## Task details
The reply should hold every line of the listing exactly, and none of its images.

Recorded data Start Marker

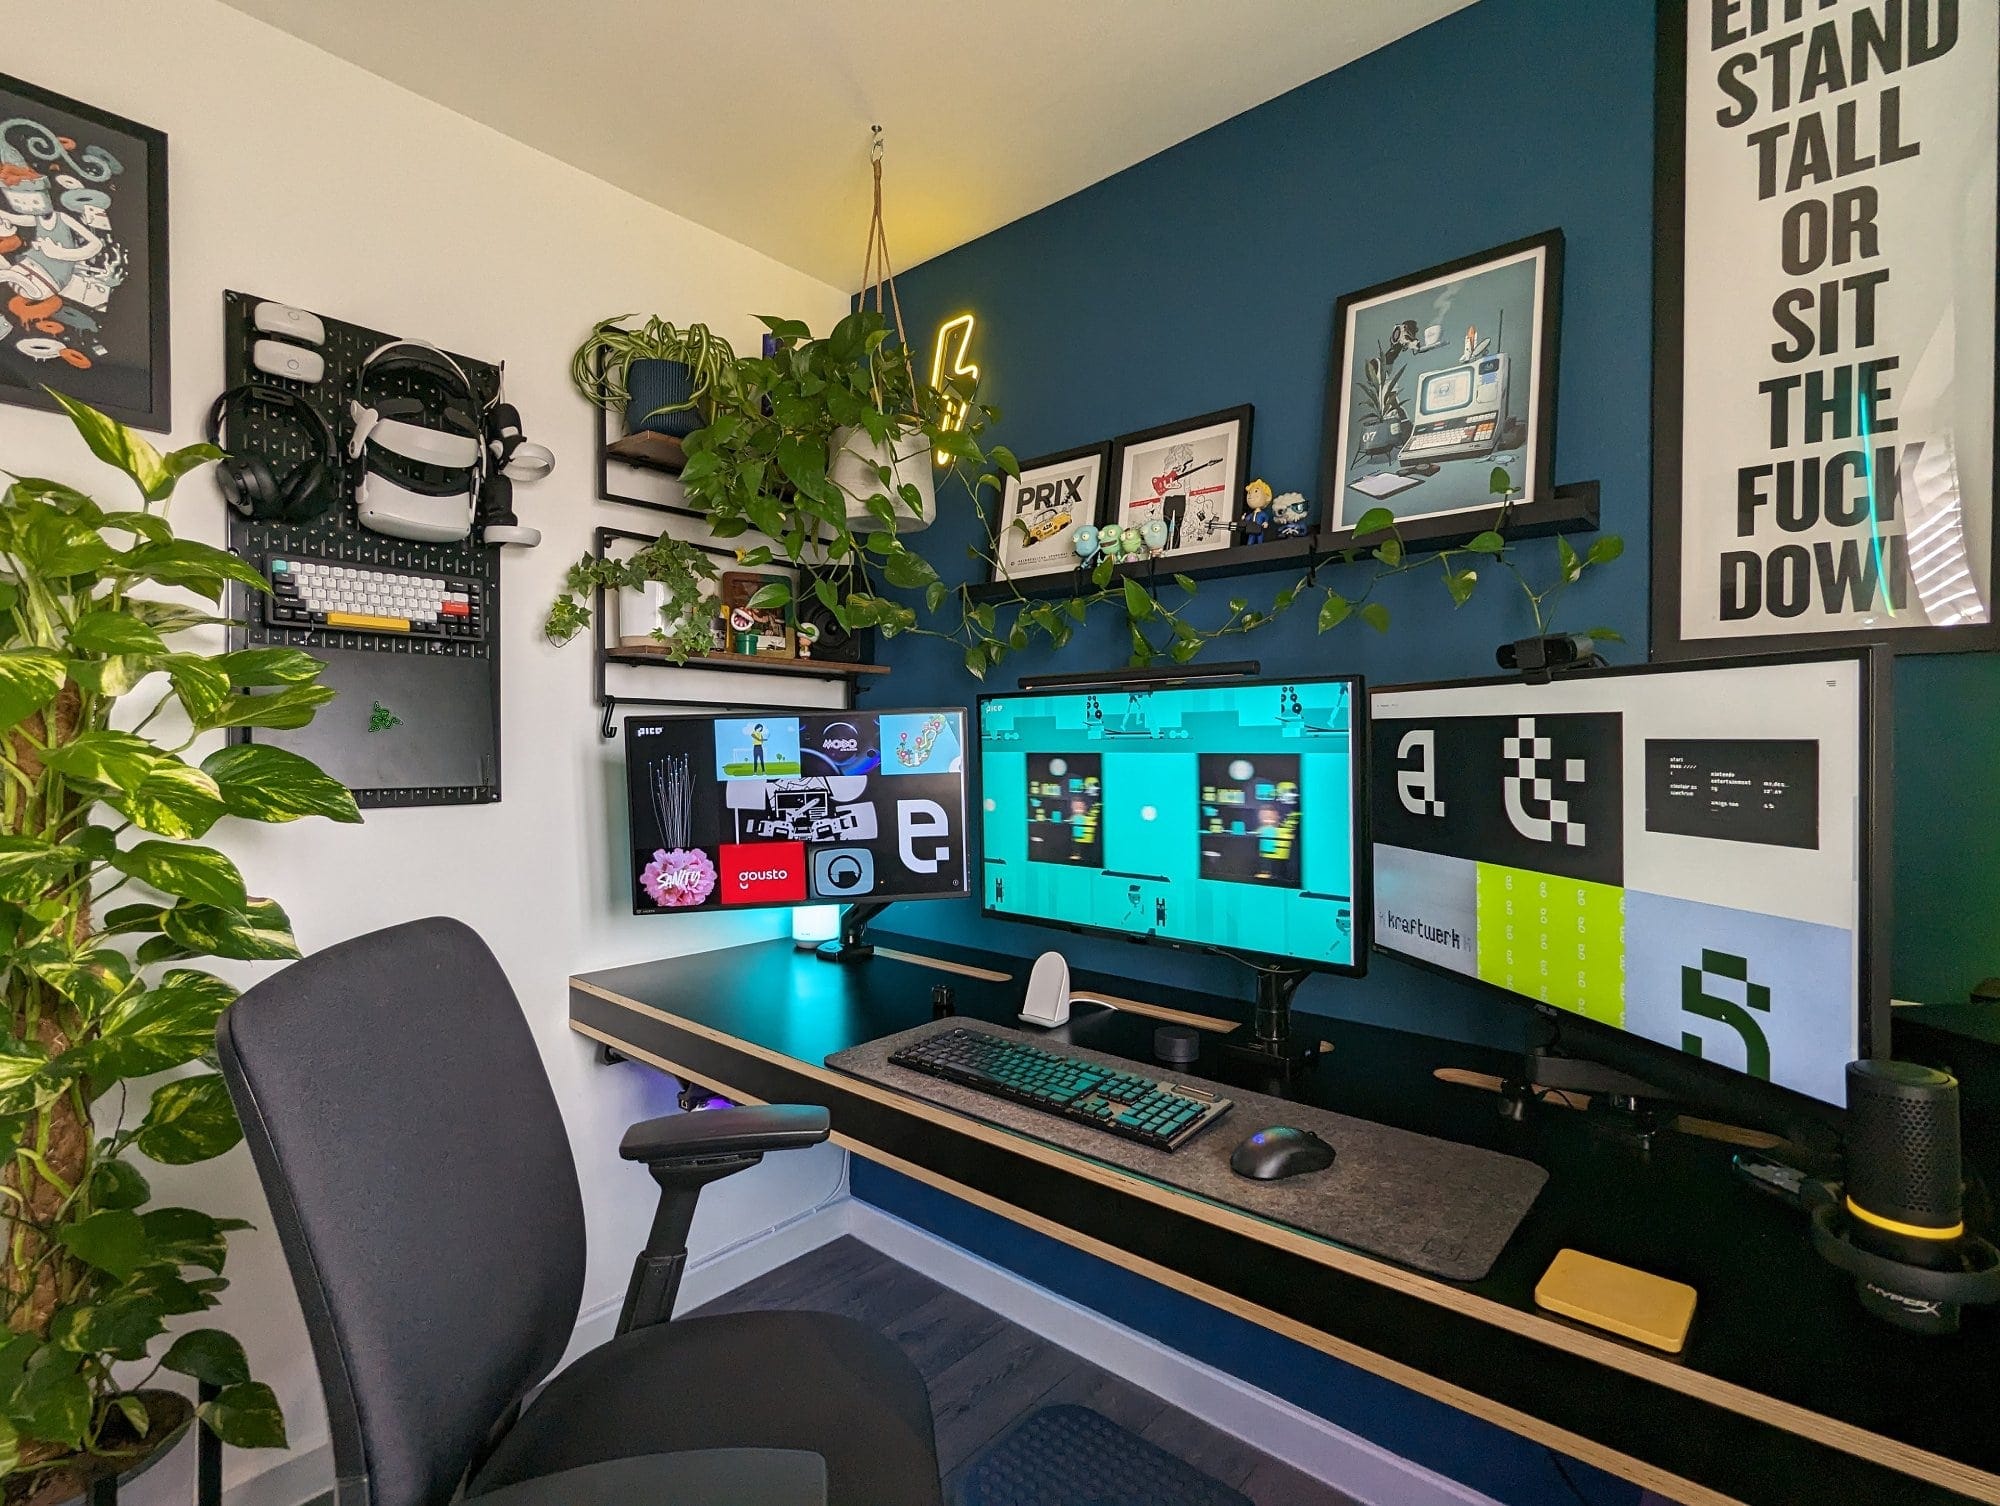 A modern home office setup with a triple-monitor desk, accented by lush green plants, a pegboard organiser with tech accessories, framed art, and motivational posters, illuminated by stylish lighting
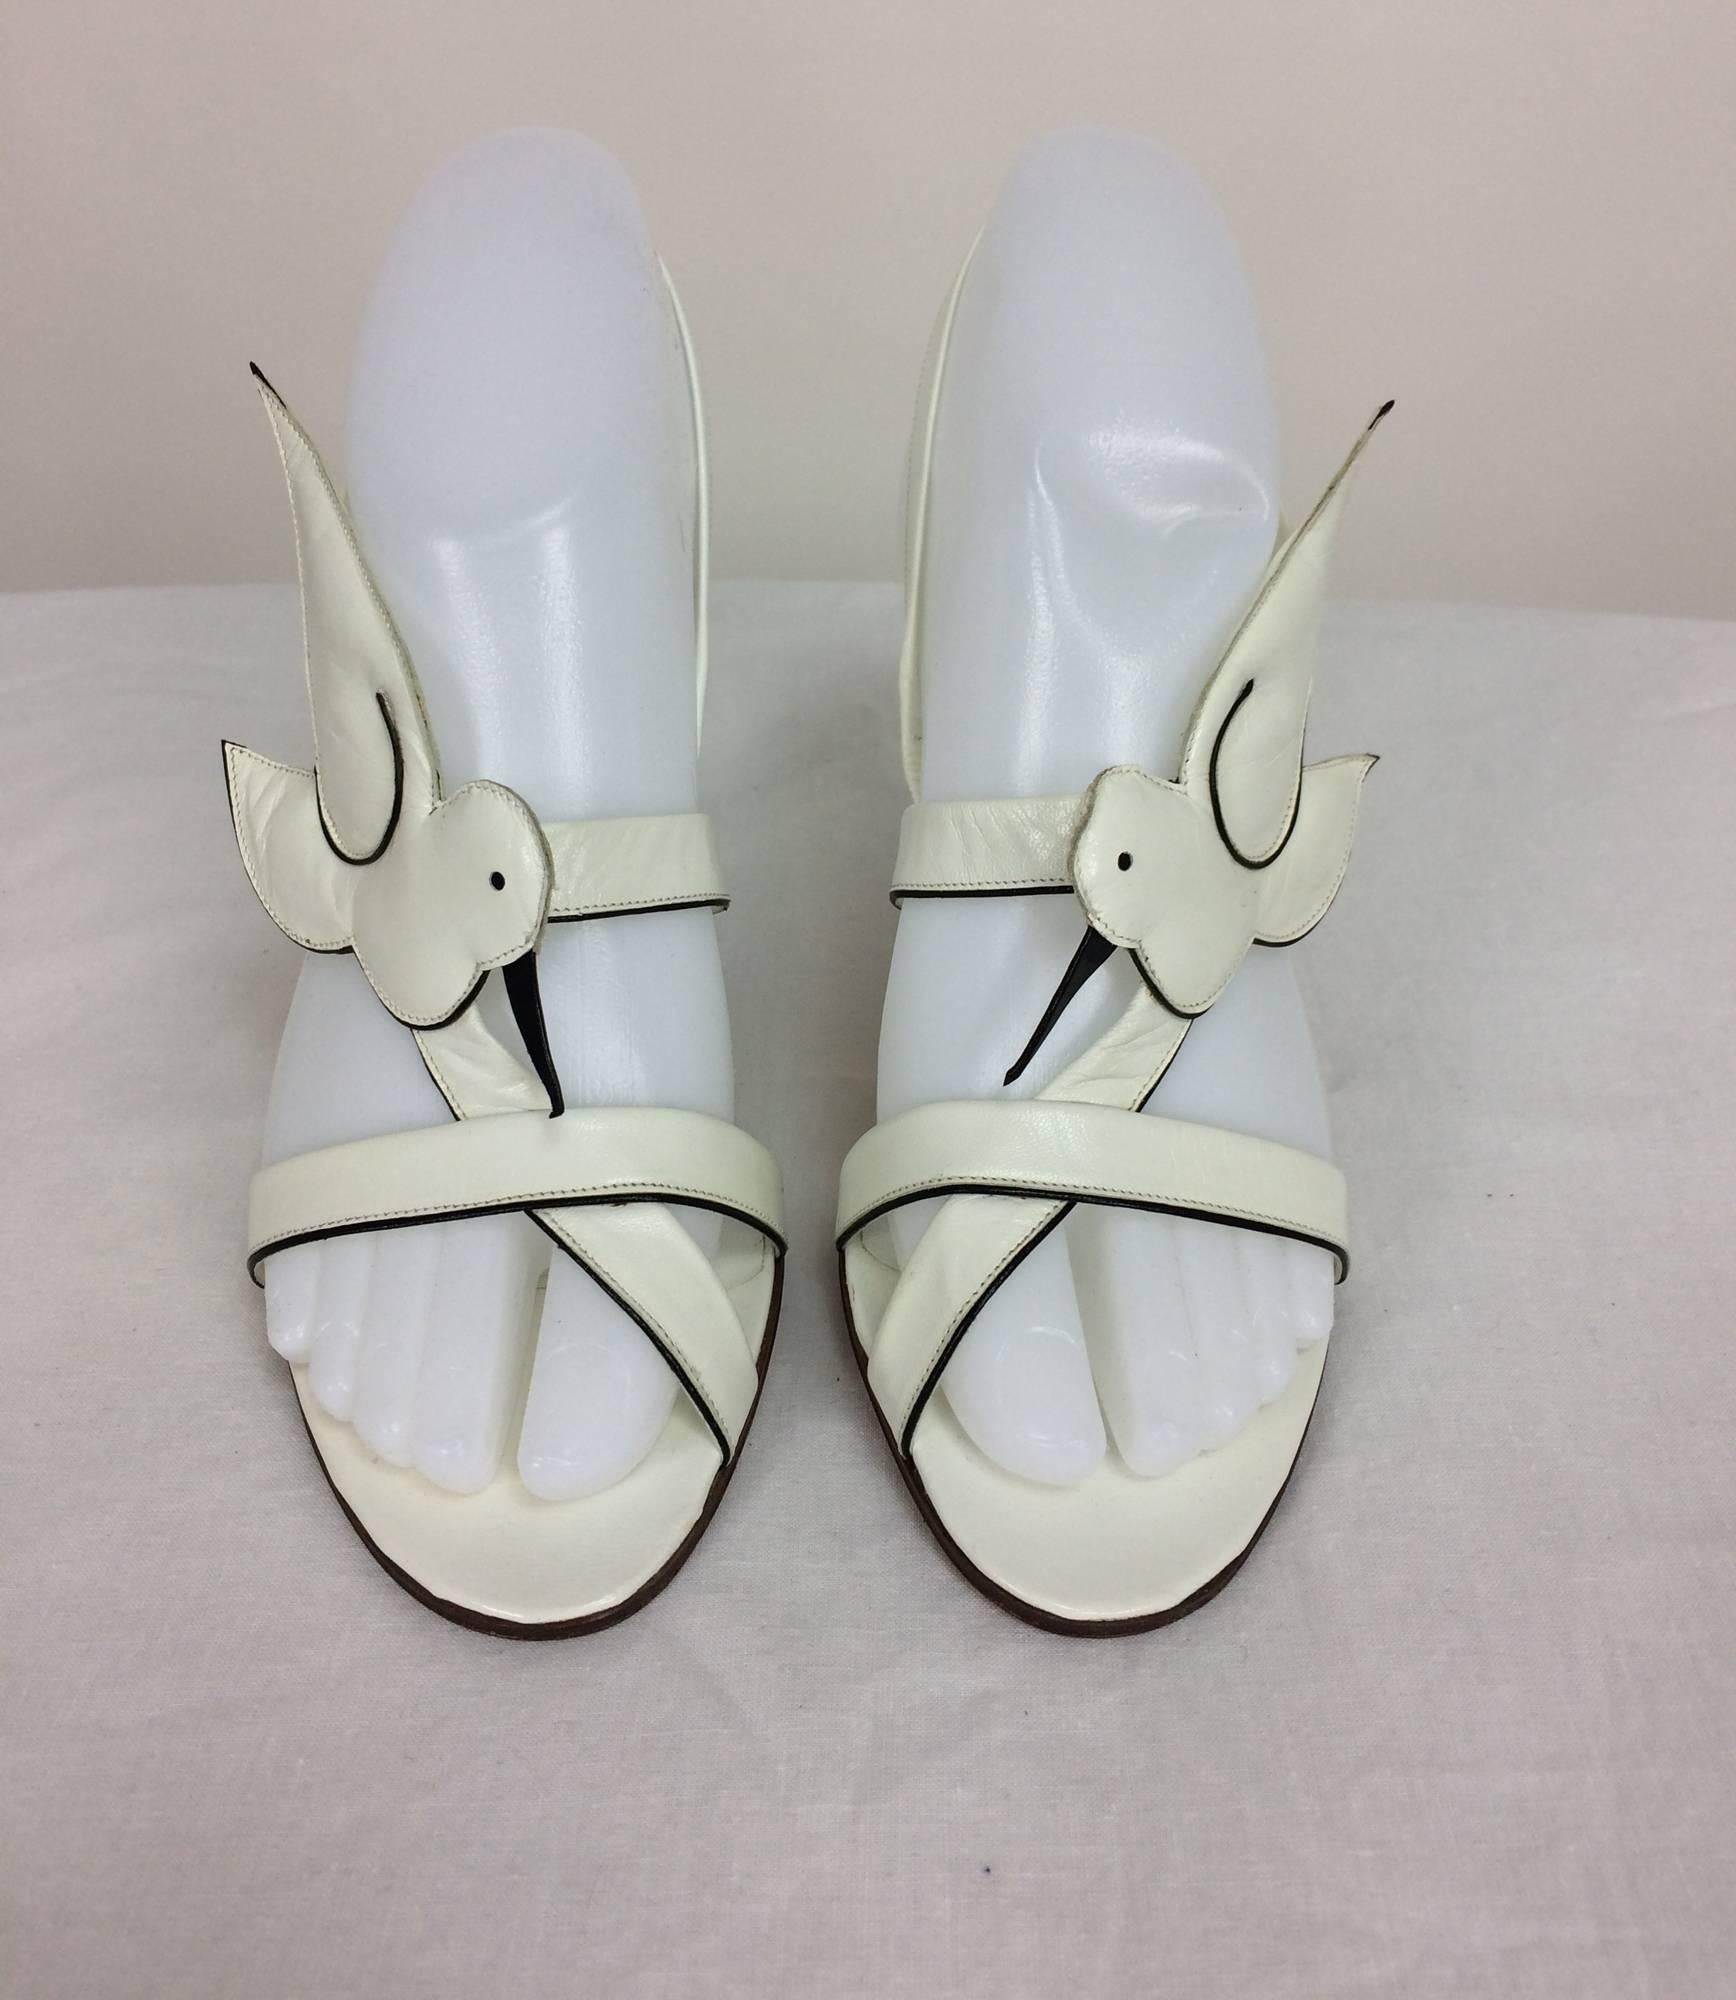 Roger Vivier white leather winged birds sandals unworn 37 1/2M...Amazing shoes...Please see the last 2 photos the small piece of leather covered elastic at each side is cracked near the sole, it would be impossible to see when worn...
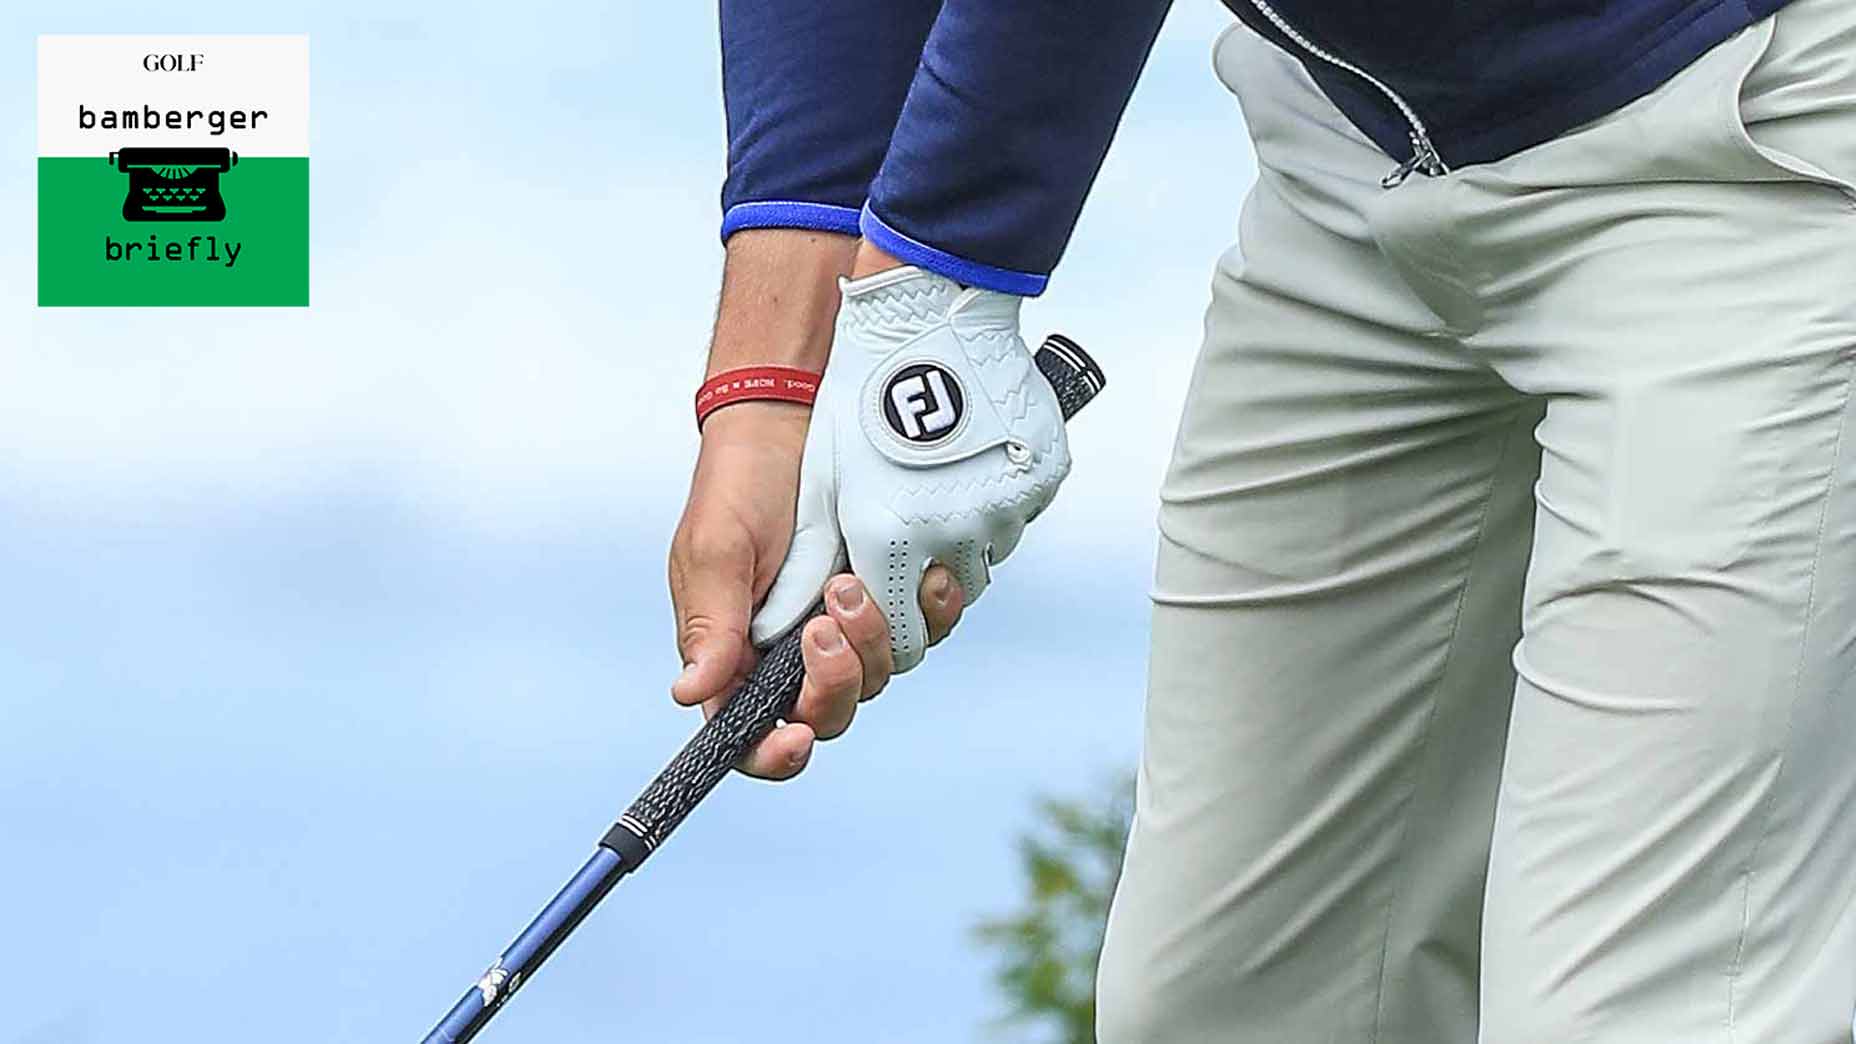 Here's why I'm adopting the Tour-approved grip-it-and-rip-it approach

Recorded data End Marker

## Task answer
 A modern home office setup with a triple-monitor desk, accented by lush green plants, a pegboard organiser with tech accessories, framed art, and motivational posters, illuminated by stylish lighting
 Roger Vivier white leather winged birds sandals unworn 37 1/2M...Amazing shoes...Please see the last 2 photos the small piece of leather covered elastic at each side is cracked near the sole, it would be impossible to see when worn...
 Here's why I'm adopting the Tour-approved grip-it-and-rip-it approach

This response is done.